When I fetch 49 records at a time, 49 flow files converted to ORC go into the putHDFS processor but the result is one small file in HDFS. When I do a select count(*) there is only 1 record in the external table. There are no failed flow files coming out of the HDFS processor.
I included a mergecontent processor after the convert to orc and before put to HDFS, a bigger file of merged content is put into HDFS but that results in an error(see below) when I select count(*) from the external table. I suspect the merged file is corrupted, but putting the original 49 files into HDFS doesn’t appear to be working properly either. The External table is simply defined with fields STORED as ORC LOCATION ‘hdfspath’. I tried the DDL with and without orc.compress=’SNAPPY’, even removed all compression from any processor and the results were the same as the mergedcontent file throws the below error every time when selecting from the external table.

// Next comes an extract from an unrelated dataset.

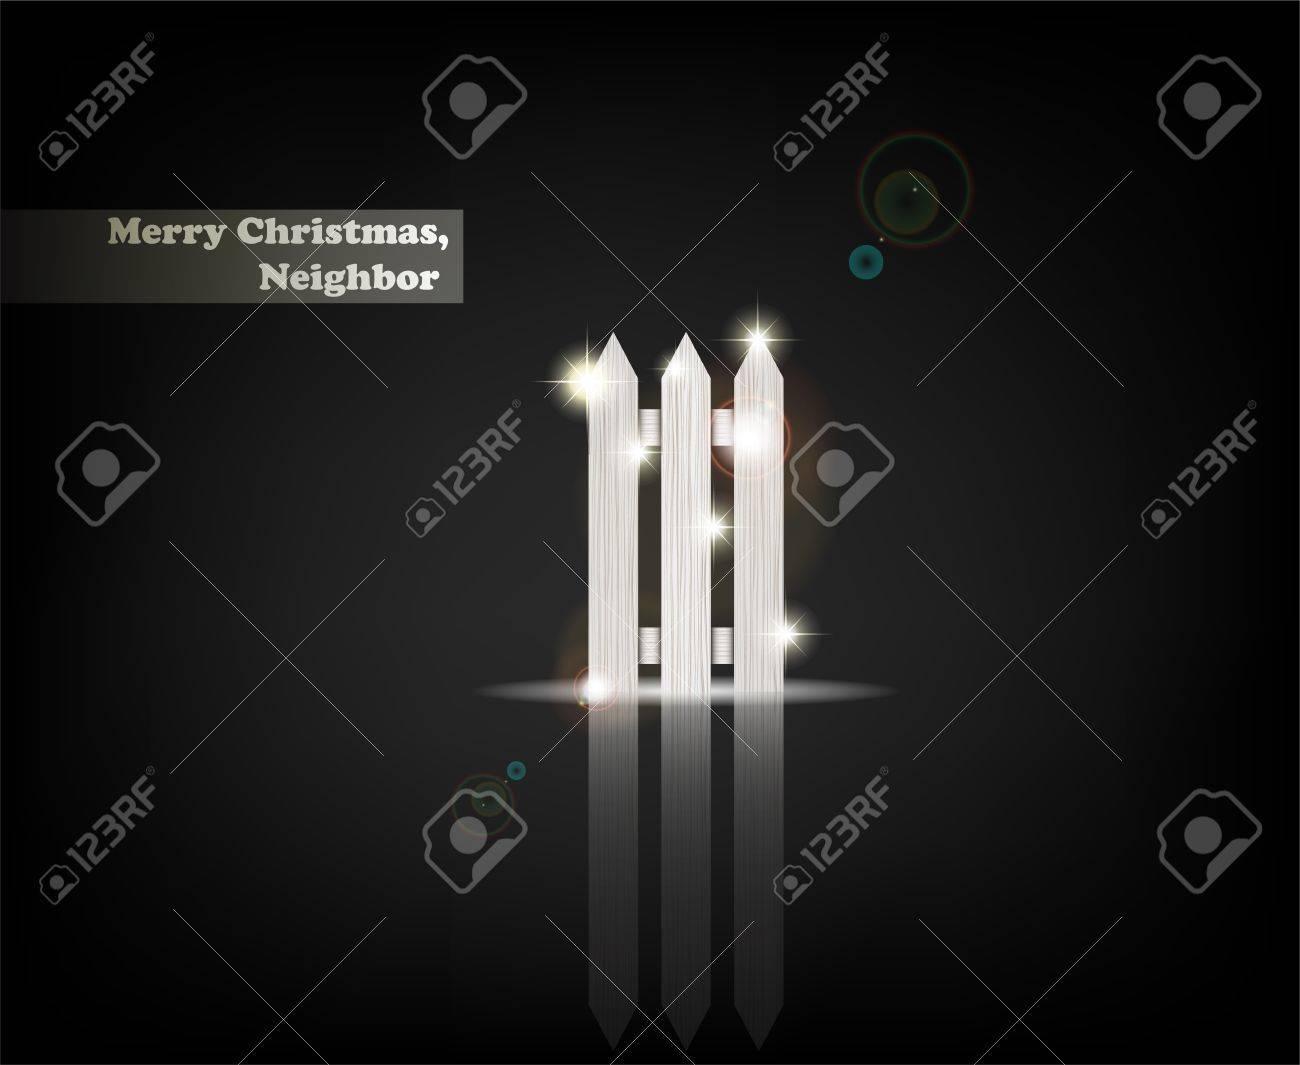 Merry Christmas, Neighbor\

Vertex failed, vertexName=Map 1, vertexId=vertex_1502140036873_0283_2_00, diagnostics=[Task failed, taskId=task_1502140036873_0283_2_00_000000, diagnostics=[TaskAttempt 0 failed, info=[Error: Failure while running task:java.lang.RuntimeException: java.lang.RuntimeException: java.io.IOException: com.google.protobuf.InvalidProtocolBufferException: Protocol message contained an invalid tag (zero).
Caused by: java.lang.RuntimeException: java.io.IOException: com.google.protobuf.InvalidProtocolBufferException: Protocol message contained an invalid tag (zero).